High standards come from more than demanding
goals, of course. Like top coaches, military leaders, or symphony conductors,
top general managers set a personal example in terms of the long hours they
work, their obvious commitment to success, and the consistent quality of their
efforts. Moreover, they set and reinforce high standards in small ways that
quickly mount up.
They reject long-winded, poorly prepared plans
and “bagged” profit targets instead of complaining but accepting them anyway.
Their managers have to know the details of their business or function, not just
the big picture. Marginal performers don’t stay long in pivotal jobs. The best
GMs set tight deadlines and enforce them. Above all, they are impossible to
satisfy. As soon as the sales or production or R&D department reaches one
standard, they raise expectations a notch and go on from there.
One general manager, for instance, asks key
managers to rank subordinates yearly on a scale from one to nine. Then he
reminds everyone that the same performance it took to get a six this year will
earn only a five next year. Sure, this approach creates extra stress, possibly
even frustration. It also reduces complacency, encourages personal growth, and
yields better results.
The second element of the work environment
that GMs consistently influence is the basic business concepts the company
adopts. Whether they’ve written it down or not, top-notch GMs have a broad
overview of the fields they want to compete in and the way the company will
succeed in those chosen fields—the balance between centralization and
decentralization, the role of line and staff, the kinds of rewards that will
motivate people to achieve their goals, the skills needed to become an industry
leader. In short, this overview defines how the company is going to be
different—and better—from a collection of totally independent businesses.

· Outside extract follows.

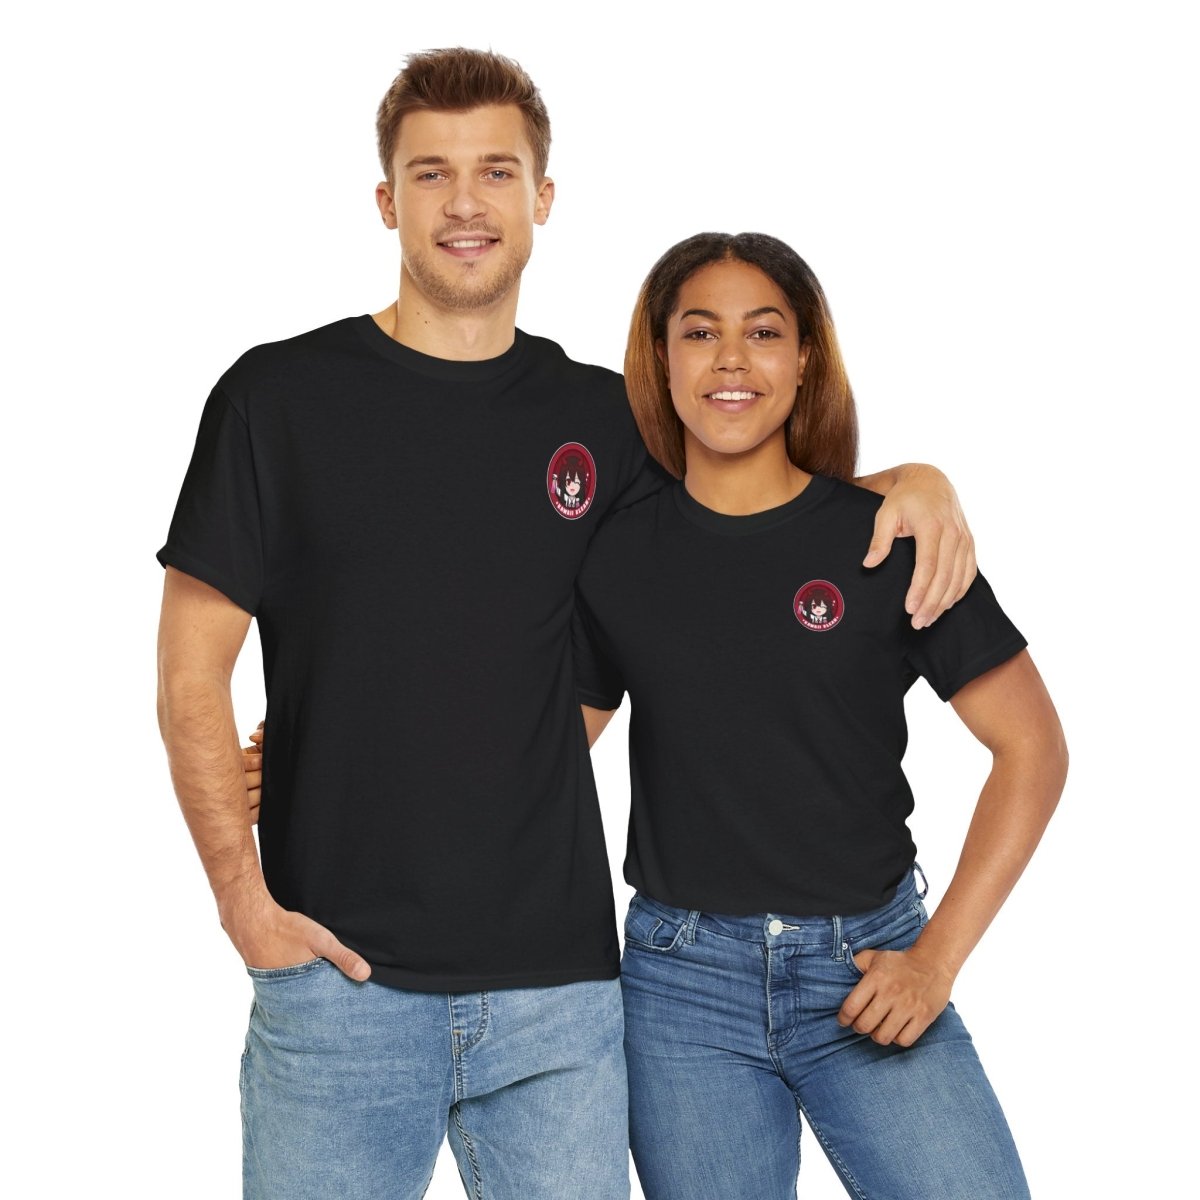 Male and female models posing together in black T-shirts adorned with a red 'Kawaii Klean' logo on the left chest, showcasing the striking contrast and versatile style.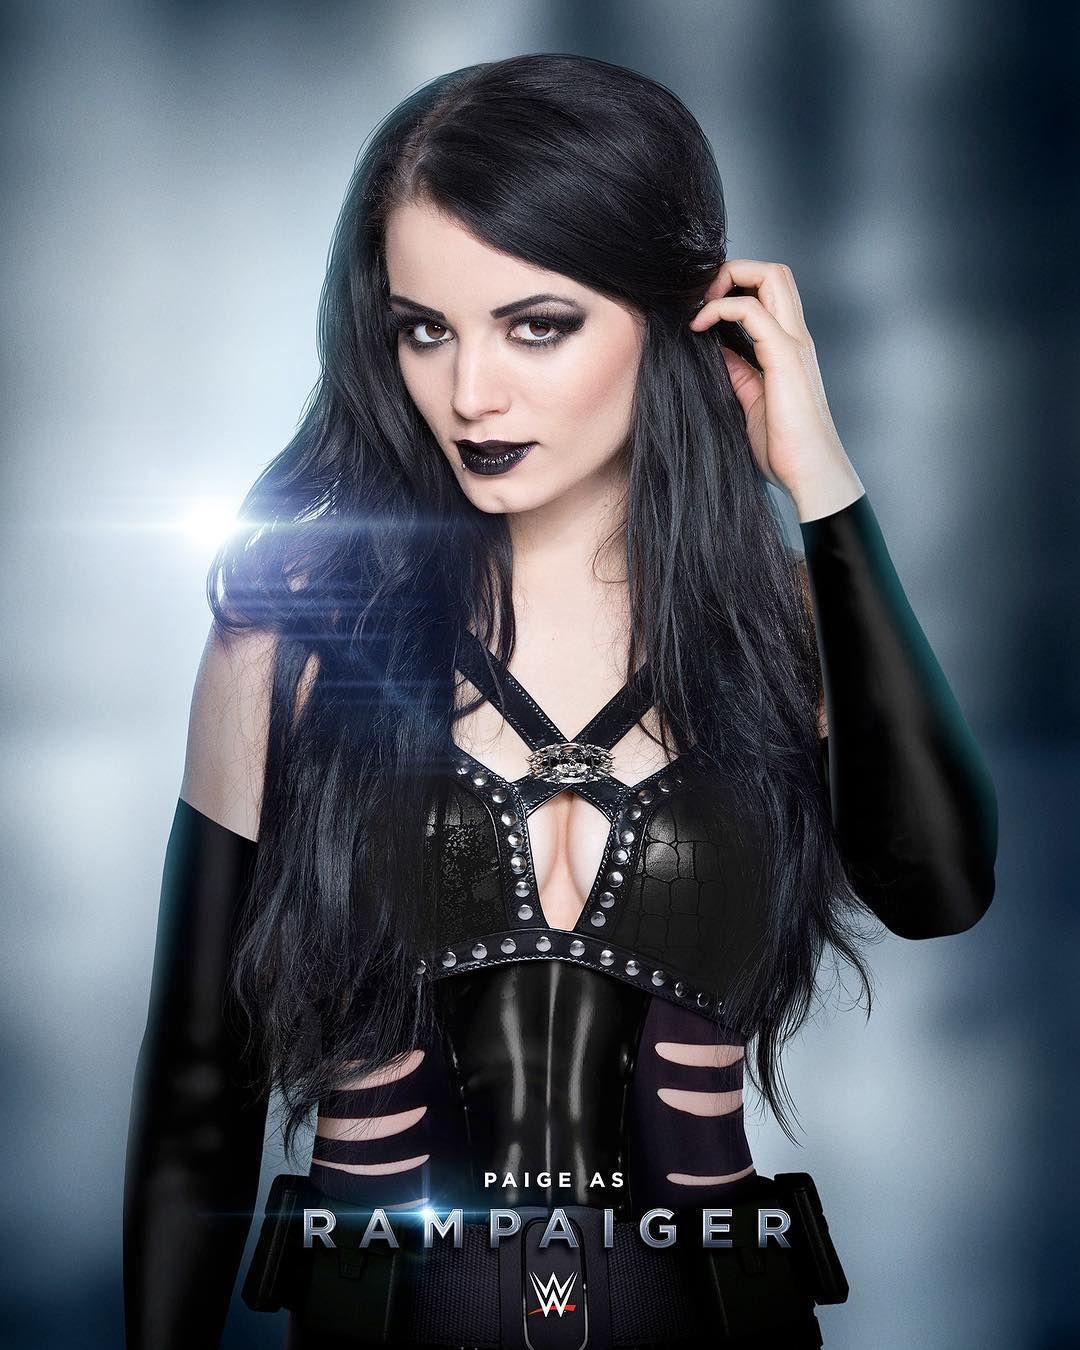 WWE Diva Paige Retro Colors Wallpapers

Moreover, because every business environment
changes over time, the best general managers constantly ask: What kind of
business do we want to run? Are we in the right fields? Do we still have viable
positions in each? How should we be reshaping the business? The result of this
process is a set of business concepts that shift in small ways in a
consistent direction.
Johnson & Johnson is an excellent example.
The company, which has a fine corporate track record over several decades,
wants to be the leader in the lower-tech growth segments of health care, so it
has a broad-based business, facing diverse smaller competitors all around the
globe. To remain a leader, CEO James Burke feels that he and his managers have
to excel at spotting promising new market segments early, tailoring products to
serve them, and getting those products to market quickly. They do this through
a network of roughly 100 tightly focused, freestanding operating companies.
This highly decentralized organization is
skilled at marketing and product innovation and supported by a corporate credo
that glues everything together into a very humane yet competitive company.
Managers throughout J&J know exactly what they’re trying to do and how they
are to do it. This carefully crafted corporate overview gives J&J a
significant competitive edge virtually everywhere it operates.
Despite its overall success, J&J now faces
a new set of competitive conditions that are forcing managers to rethink
long-standing business concepts. In several major parts of the business,
customers have decided they want fewer suppliers and better integrated
distribution and administrative services. So J&J is figuring out how to
maintain its traditional decentralized divisions—and all they stand for—yet
compete with companies that offer broader coordinated product lines and
services.
The third element in shaping the work
environment—the company’s people concepts—is closely related to the other two.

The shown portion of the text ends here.